And my heartfelt thanks to all of you who offered suggestions, ideas and additional resources, including *DBSJedi* who sent me an email with some very good ideas. I'll keep all of your suggestions and resources in mind for next time. Unfortunately, because the machine would not stop cycling on/off/on, and could not be turned off without removing power, I was prevented from trying any other fixes, including code resets.

Thanks again!


----------



## DBSJedi (Mar 25, 2002)

Nick said:


> And my heartfelt thanks to all of you who offered suggestions, ideas and additional resources, including *DBSJedi* who sent me an email with some very good ideas. I'll keep all of your suggestions and resources in mind for next time. Unfortunately, because the machine would not stop cycling on/off/on, and could not be turned off without removing power, I was prevented from trying any other fixes, including code resets.
> 
> Thanks again!


Glad it worked out Nick! I wish my experience a week ago when calling Dish was as pleasant. The PTV disappeared on my Dishplayer 7100, so I called to inquire why (they told me last December they would not take that away from me due to reboots and other bad behavior from my DP in the past). After a total of 4 calls and 45 minutes on hold (their phone system kept disconnecting me whenever they would forward me to their tech support dept., so I kept on calling until the system did not disconnect me). Of course I was calling after 9pm, so the reps I were speaking with were perhaps not clued in on what the Dishplayer 7100 actually is (one rep insisted there is no such receiver.. "you must mean the 301".. it's sad when the customer knows more about their equipment than they do). Finally on my last call they eventually escalated my problem to their advanced tech support team and they added the code to my account that instantly appeared on my smartcard allowing free PTV as agreed upon last December.

For anyone that is curious what I suggested to Nick.. I will sumarize:
Join Dishplayer Explorer and download the Dishplayer Drive Utilities. If you have your original Dishplayer harddrive still (or one from a good working unit) this software can be used to clone the good disk to the bad. You will not be required to dialup MSN (which is useful for folks like me with no landline phone in the house). The clone can help alot of problems. I often use this software because my 30GB harddrive I use with my DIshplayer has a sector flaw that prevents the Dishplayer guide from being able to be written directly to the disk. Once a week I put in a smaller 7.8GB dishplayer harddrive, allow it to get the listings, then clone the smaller one to the bigger 30GB drive. This gives me another 8.5 days to completely fill up my 30Gb drive. Sooner or later I will just get a new 40GB harddrive or something and clone the smaller 7.8GB Dishplayer drive to the new one (one last time) and my cloning days will come to an end for the Dishplayer (I hope).


----------



## BobMurdoch (Apr 24, 2002)

Nick said:


> No, Bob, I'm not upset. Letting one's emotions take over in a crisis is not the way I operate, and doing so does little to resolve any problem. I won't join your little *****, moan & groan club. Being a person of considerable maturity and patience, I'll deal with this in a rational manner. If you think I think the way you think, I think you are wrong to think that way.
> 
> You and your chorus of out-of-tune fellow whiners will just have to screech without me.
> 
> You should know by now, I don't whine. Use this opportunity to learn from me.

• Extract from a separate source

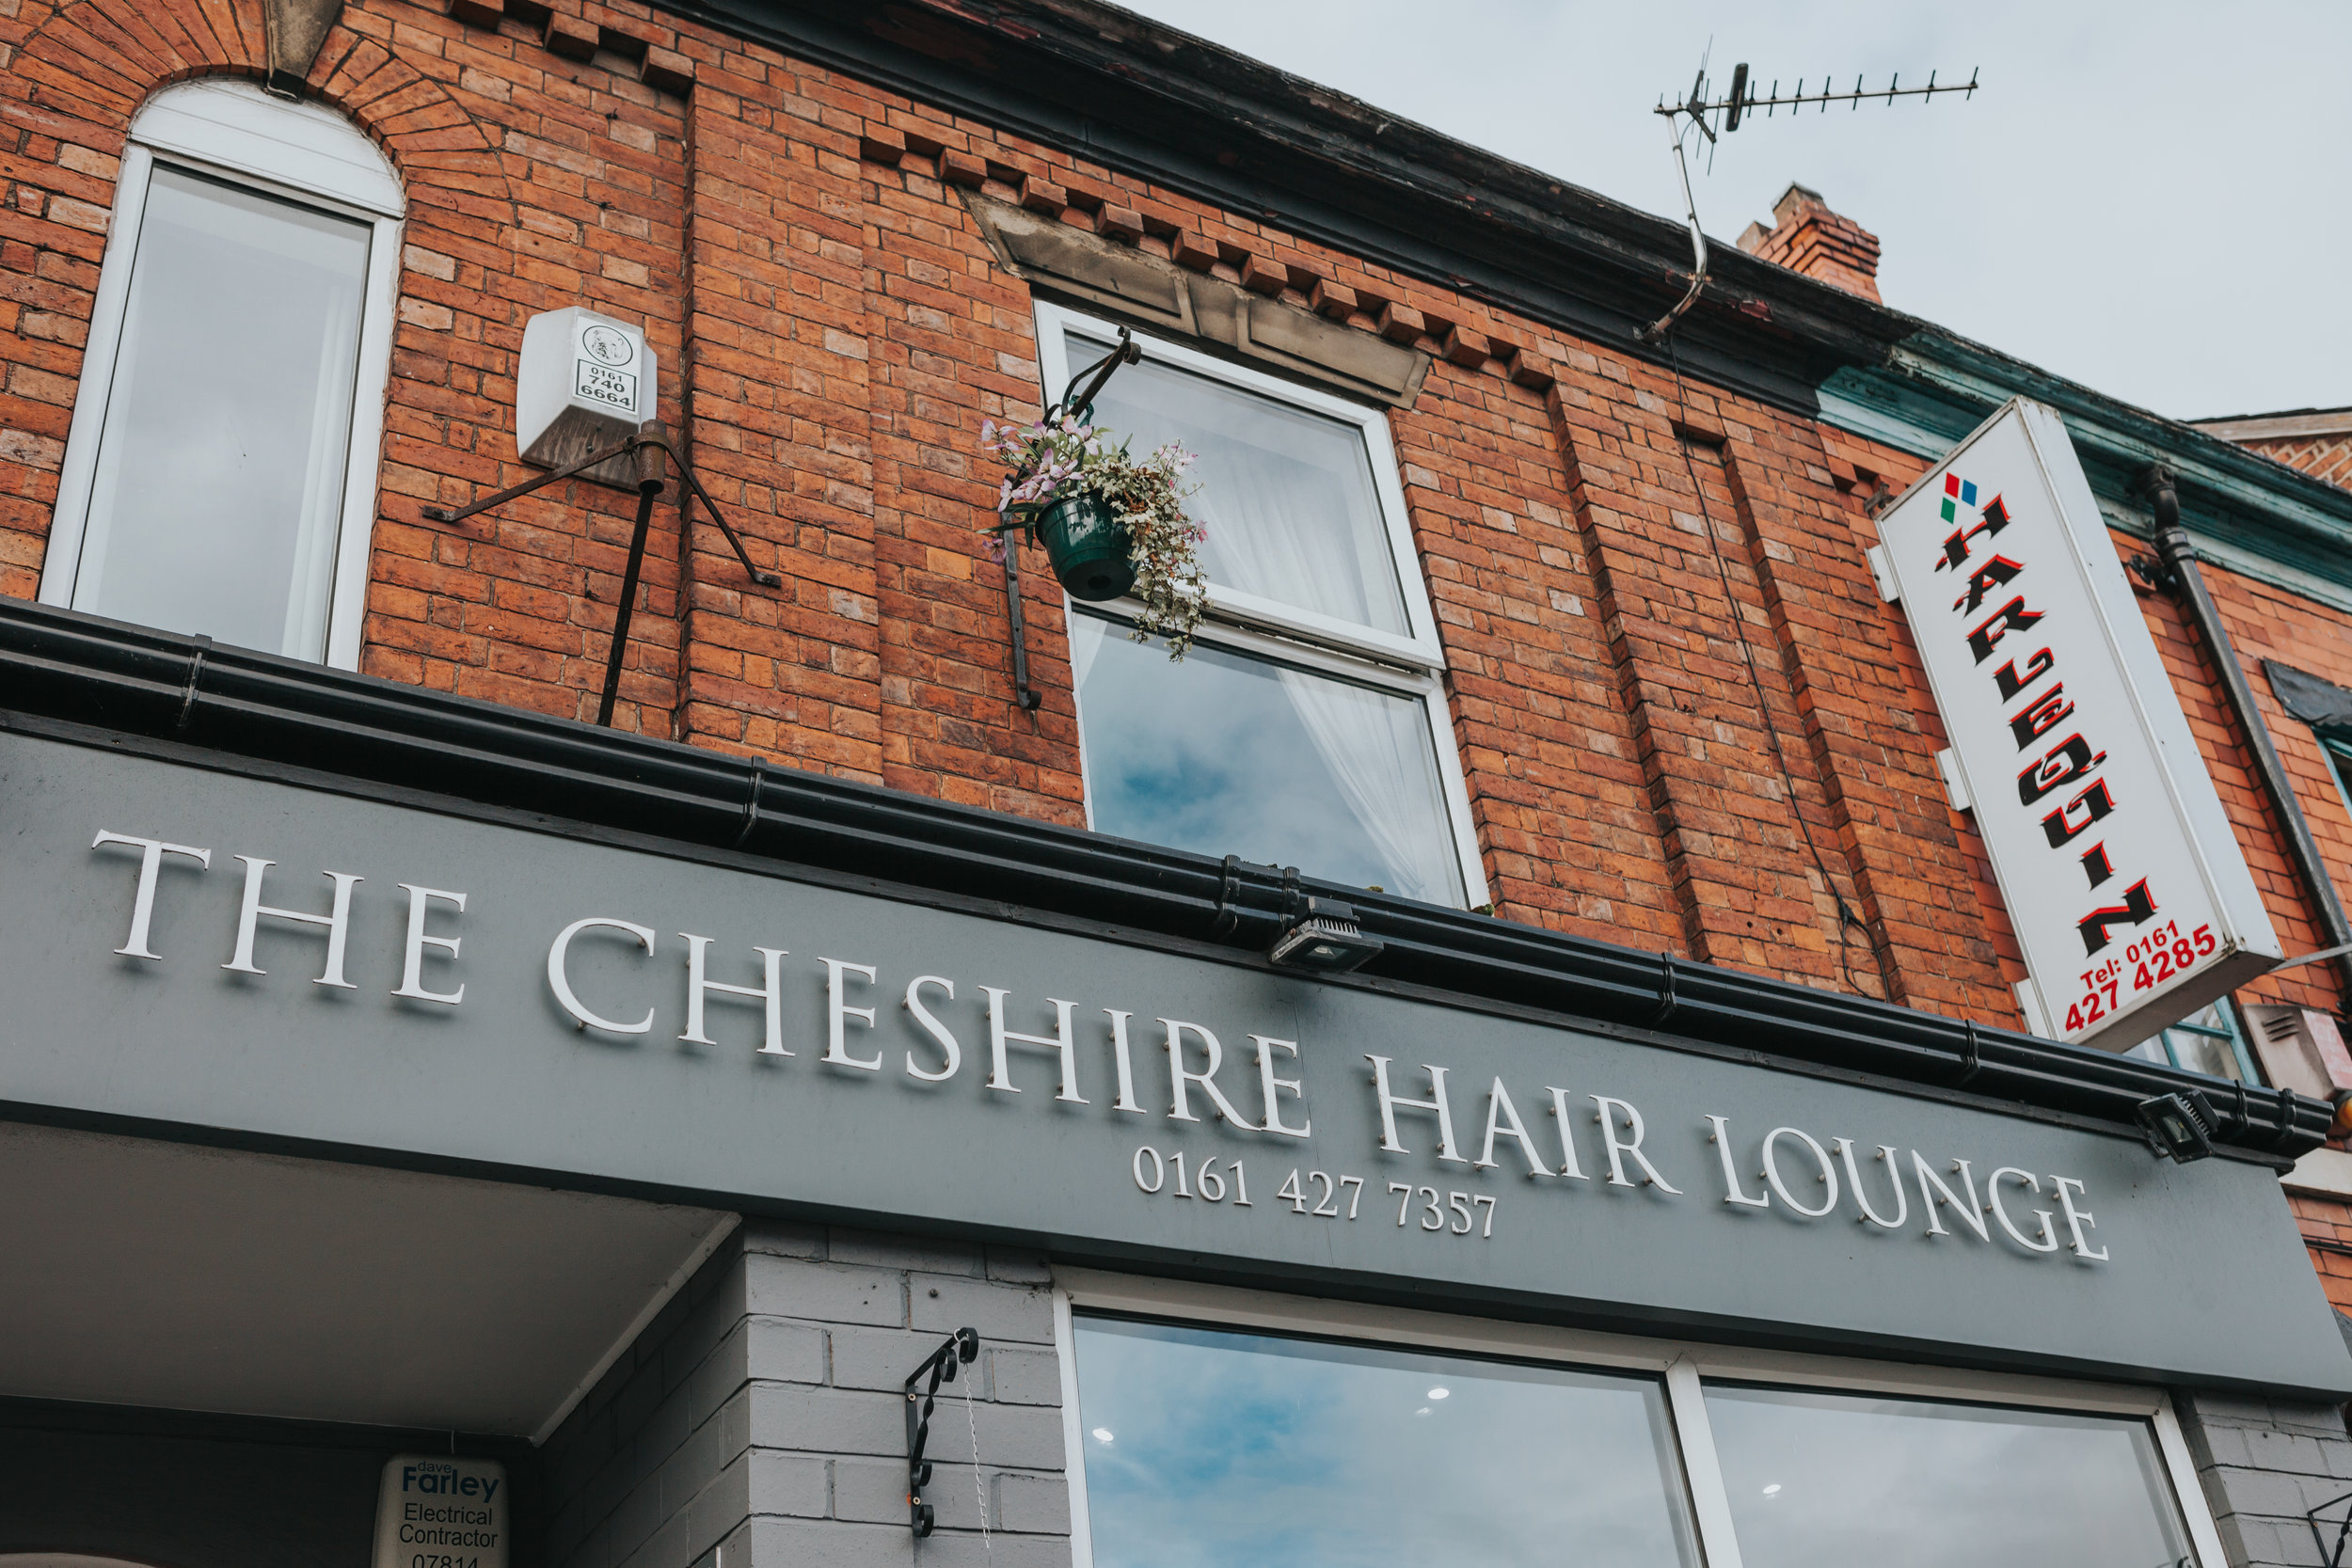  Cheshire Hair Salon&nbsp; 
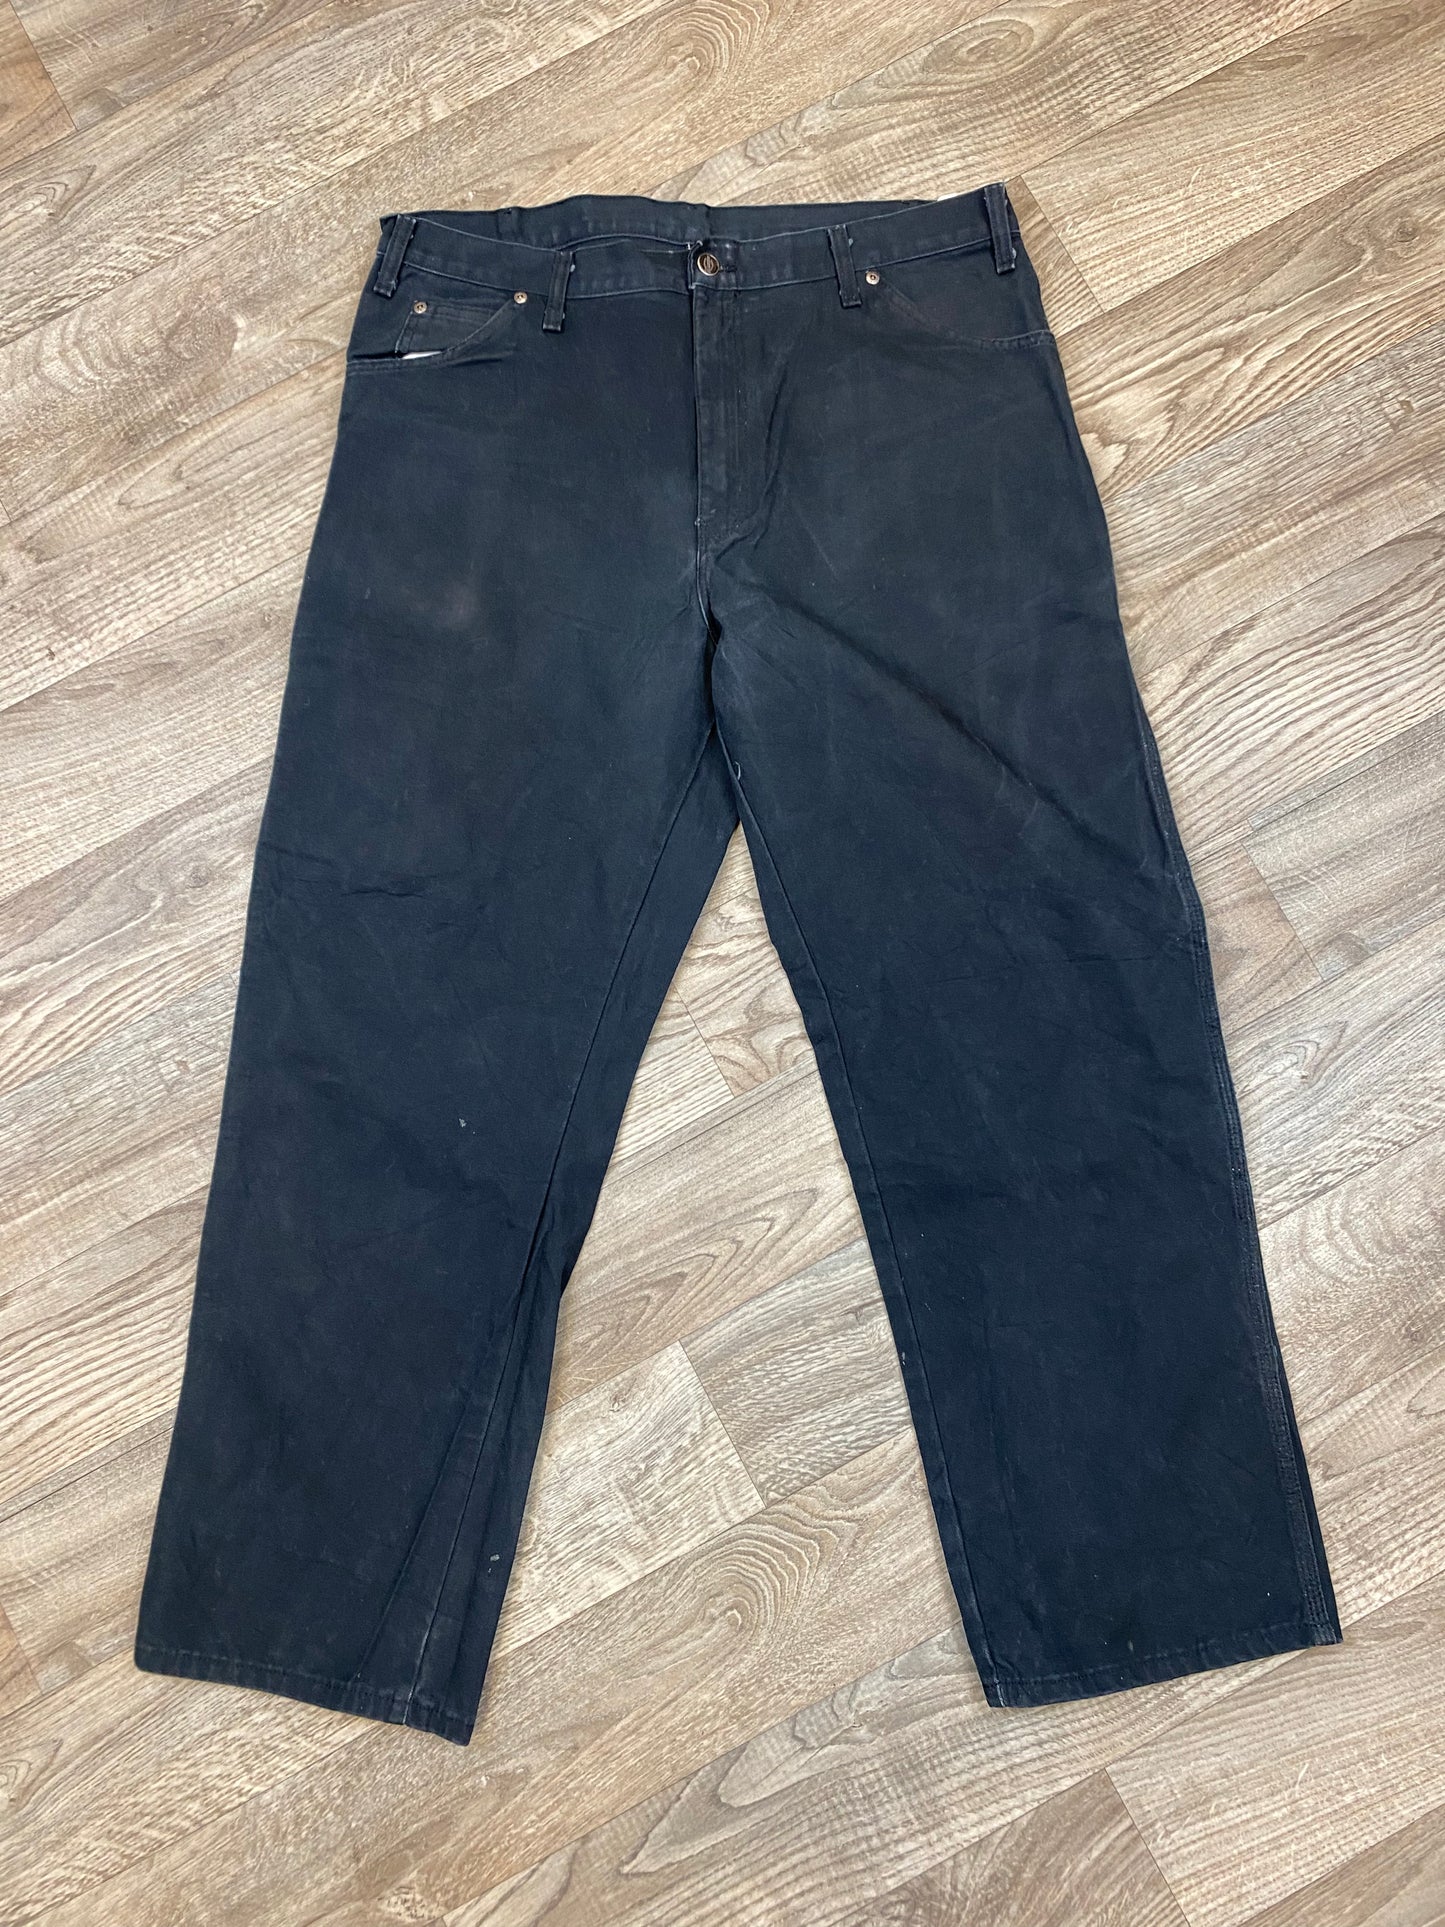 Vintage Dickies Carpenter 38x30 Pants

YEAH!!!!!!!!!!! You said what I normally feel, but am usually too polite to say......


----------



## Bill R (Dec 20, 2002)

Nick, Bob (Murdoch), and MANY others of us feel the same way about DISH. Yes, we have our problems with their equipment but, when we do (as Nick said), we deal with it in a rational manner. I think that is part of the "basher club's" (Bob Haller, head whiner) problem. They don't have the maturity and patience (and sometimes it does take a lot of patience dealing with large companies) that it takes to get the problem resolved. Or, in the case of some, they don't have the wisdom to leave the company if they are not happy with them.


----------



## Bob Haller (Mar 24, 2002)

Have enough failures, develop BAD attitude

It would be different if E learned from their mistakes, but later DVR boxes have more reported troubles....


----------



## finniganps (Jan 23, 2004)

Bill R said:


> Nick, Bob (Murdoch), and MANY others of us feel the same way about DISH. Yes, we have our problems with their equipment but, when we do (as Nick said), we deal with it in a rational manner. I think that is part of the "basher club's" (Bob Haller, head whiner) problem. They don't have the maturity and patience (and sometimes it does take a lot of patience dealing with large companies) that it takes to get the problem resolved. Or, in the case of some, they don't have the wisdom to leave the company if they are not happy with them.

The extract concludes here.